For a country of immigrants, the U.S. remains vexed about how to deal with the fact that people from elsewhere still want to come here. Two successive Presidents have now been stymied in their attempts to pass comprehensive immigration reform. The latest foray is the DREAM Act, a narrow but important piece of the immigration reform puzzle that would, at a minimum, give the children of undocumented immigrants a path to citizenship. The bill failed in the Senate last December, despite the Obama Administration’s support. Senate Majority Leader Harry Reid reintroduced the act in May, but the prospects for passing any meaningful legislation before the 2012 election are slim.

In the meantime, the millions of illegal immigrants already here must continue to live and work in the shadows, one false move away from arrest and deportation. Indeed, legislation in states such as Alabama and Georgia is moving toward treating not just illegal immigrants, but also those who employ them, as criminals. And yet if forced to do without illegal labor, vast sectors of the U.S. economy, from agriculture to construction, would founder—not to mention the putting greens infested by crab grass and the children who would run riot without care. Even the U.S. Chamber of Commerce supports legalizing undocumented workers who are “already contributing to our economy,” provided they don’t otherwise run afoul of the law.

What makes the political impasse over immigration particularly frustrating is that hiring an illegal alien is good for the illegal alien, good for the U.S. economy, and good for the country he or she comes from. So what’s not to like? In cases like this, there is only one moral course available for true patriots: Go find an illegal to hire. Huge numbers of people in border states are doing precisely that.

There are about 11 million people living illegally in the U.S., according to the Pew Hispanic Center. By most estimates, the overall net economic impact of this illegal immigration on Americans is pretty small. Consider, for instance, the common argument that illegal immigrants are a drain on public services.
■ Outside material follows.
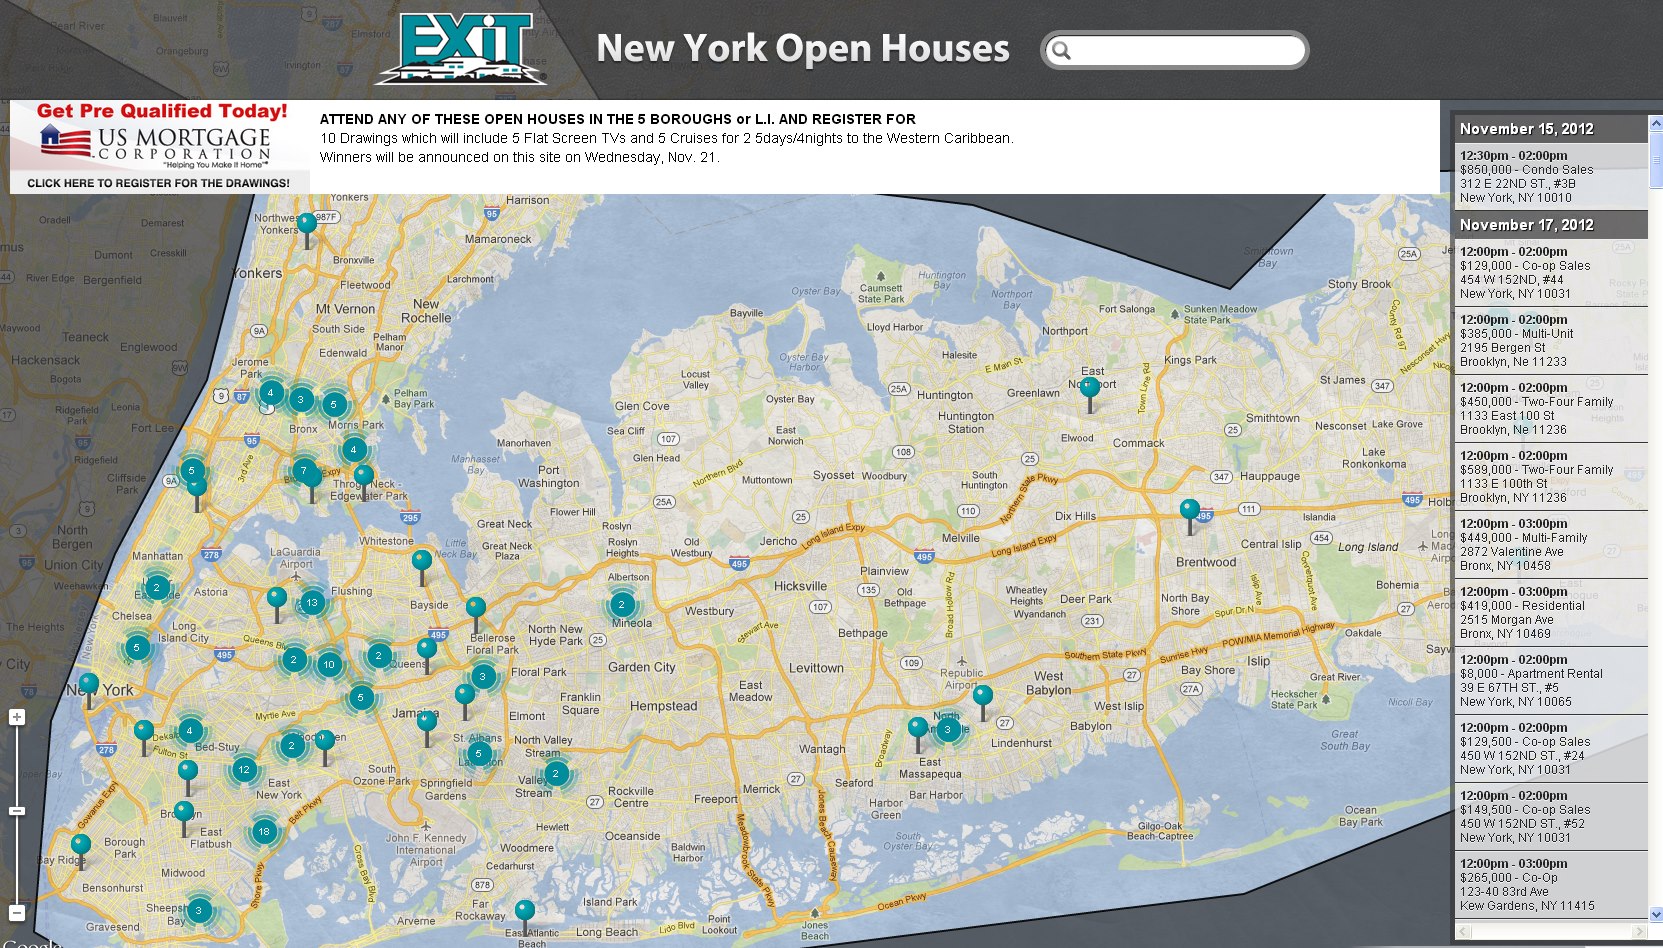 New York Open House Extravaganza Nov 17 18

A comparatively conservative analysis by Gordon Hanson at the National Bureau of Economic Research suggests that illegal immigrants contribute about 0.03 percent of U.S. gross domestic product. If the net cost of government services to immigrants is included, their overall economic impact amounts to -0.07 percent, or roughly $10 billion—“essentially a wash,” Hanson concludes.

But don’t immigrants take jobs from and depress the wages of unskilled, native-born workers? Actually, immigrants tend to leave when there are fewer jobs available—that’s one reason why migration to the U.S. from Mexico is at an all-time low at the moment. As economists Gianmarco Ottaviano and Giovanni Peri argued in a paper in 2006 for the NBER, the impact of total immigration on the wages of unskilled, native-born workers was less than 2 percent, or roughly $8 per week. In a 2010 paper, Ottaviano, Peri, and Greg Wright looked across U.S. industries and found that the net effect of immigration has been to create more jobs for native workers—including low-skilled workers. That’s in part because many immigrants take jobs that would otherwise be sent abroad.

In a separate study, Peri analyzed cross-state evidence and found no proof that immigrants crowd out native, unskilled employment—and considerable evidence that they increase productivity. Each 1 percent increase in employment due to immigrants is associated with a half-percent rise in state income per worker between 1960 and 2006. Immigrants provide services efficiently and are themselves a source of demand for local goods and services. Unskilled immigrants take on manual tasks such as construction, while unskilled natives move into communications tasks such as call centers. This is an efficient division of labor that increases overall productivity.